State Ex Rel. Swan v. Elections Board

*89PER CURIAM.

The Elections Board has petitioned for review of a decision of the court of appeals directing it to certify Monroe Swan as a candidate for the Democratic Party nomination for state senator from the 6th senate district at the September 1984 primary election. We have concluded that the court of appeals did not have jurisdiction over this action. So concluding, by order dated August 29, 1984, we have vacated the decision of the court of appeals and dismissed the petition for review. This opinion explains our reasons for that order.

This action was commenced in the court of appeals by Swan utilizing the procedure for commencing original actions in this court. The petition on behalf of Swan described a dispute between Swan and the staff of the Elections Board, which had denied certification of Swan as a candidate entitled to have his name placed on the ballot. The petition asked the court of appeals to exercise original jurisdiction because the matter was publici juris. The relief sought was a declaration that sec. 8.30(4), Stats., providing that the name of an unpardoned felon should not be placed on the ballot for state or local office, was unconstitutional.

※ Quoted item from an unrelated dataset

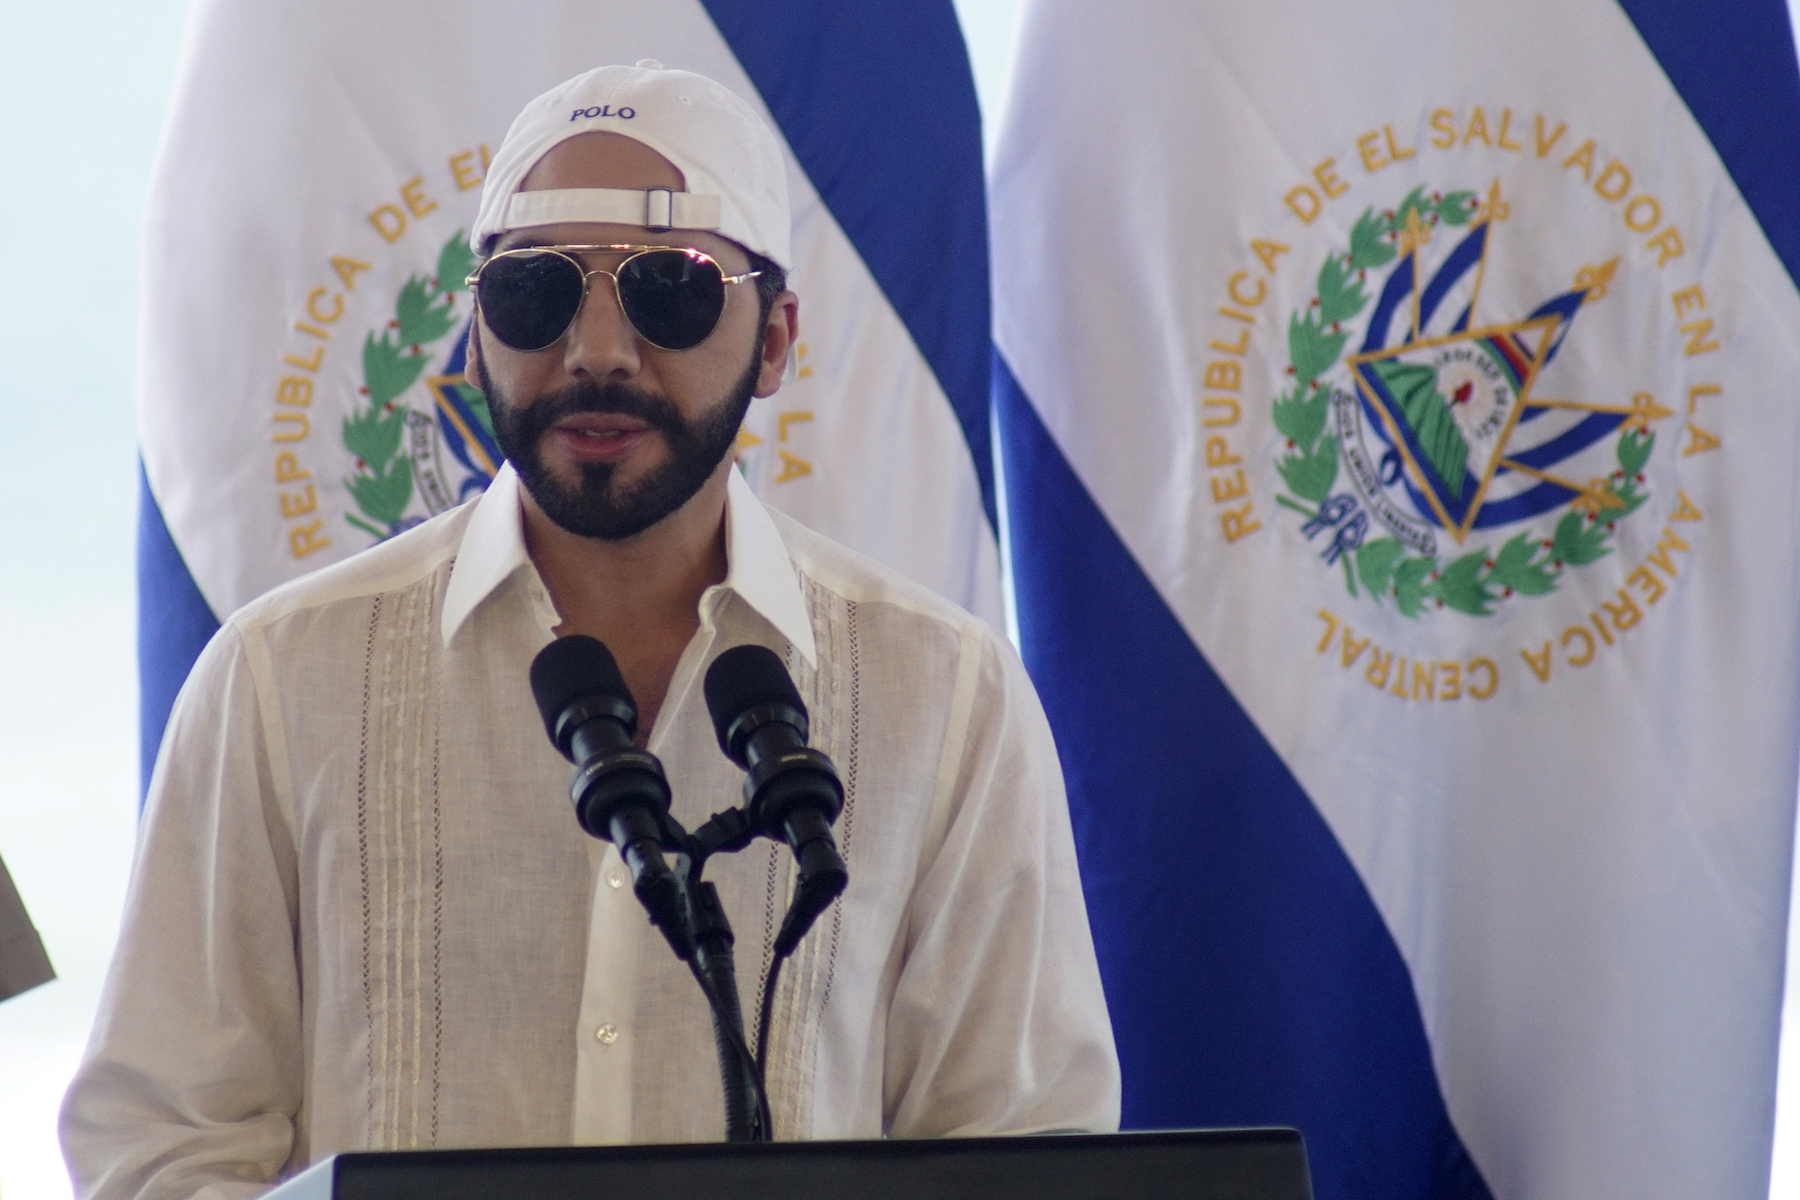 El Salvador president re-elect

The petition asked that the finding of unconstitutionality be imple*90mented by a writ of mandamus ordering the Elections Board to certify Swan, who had been convicted of two federal felonies and had served his sentence, as a candidate for state senator from the 6th senate district.

After the petition for original jurisdiction had been filed in the court of appeals, but before it had been ruled on, Swan petitioned this court for bypass of the court of appeals. Bypass was denied. The court of appeals then reached its decision purporting to exercise original jurisdiction and finding sec. 8.30(4), Stats., unconstitutional because it prescribed qualifications for the office of state senator in addition to those prescribed by the constitution. It also exercised its discretion to grant relief by mandamus. One judge of the court of appeals dissented from the decision to grant mandamus, but agreed with the decision on other issues.

When the board’s petition for review of the decision of the court of appeals was filed, we raised sua sponte the question whether the court of appeals had jurisdiction of an original action and ordered the parties to brief the point. Our order of August 20, 1984, noted that the court of appeals had not been granted supervisory jurisdiction over the Elections Board and had not been granted direct appellate jurisdiction over the decisions of the board.

The parties briefed the jurisdictional issue pursuant to our order, and a brief amicus curiae was filed. The parties and the amicus curiae argued that the court of appeals had jurisdiction over this action. We are not persuaded.

Art. VII, sec. 5(3) of the Wisconsin Constitution provides as follows:

“The appeals court shall have such appellate jurisdiction in the district, including jurisdiction to *91review administrative proceedings, as the legislature may provide by law, but shall have no original jurisdiction other than by prerogative writ. The appeals court may issue all writs necessary in aid of its jurisdiction and shall have supervisory authority over all actions and proceedings in the courts in the district.”

This provision grants the court of appeals supervisory jurisdiction over actions and proceedings in the circuit courts. It does not grant supervisory jurisdiction over matters pending before administrative bodies. In fact, the court of appeals has held in a well reasoned opinion that it has no supervisory jurisdiction over the chief judge of a judicial administrative district acting in his administrative capacity. State ex rel. Gilboy v. Circuit Court for Waukesha County, 119 Wis. 2d 27, 349 N.W. 2d 712 (Ct. App. 1984).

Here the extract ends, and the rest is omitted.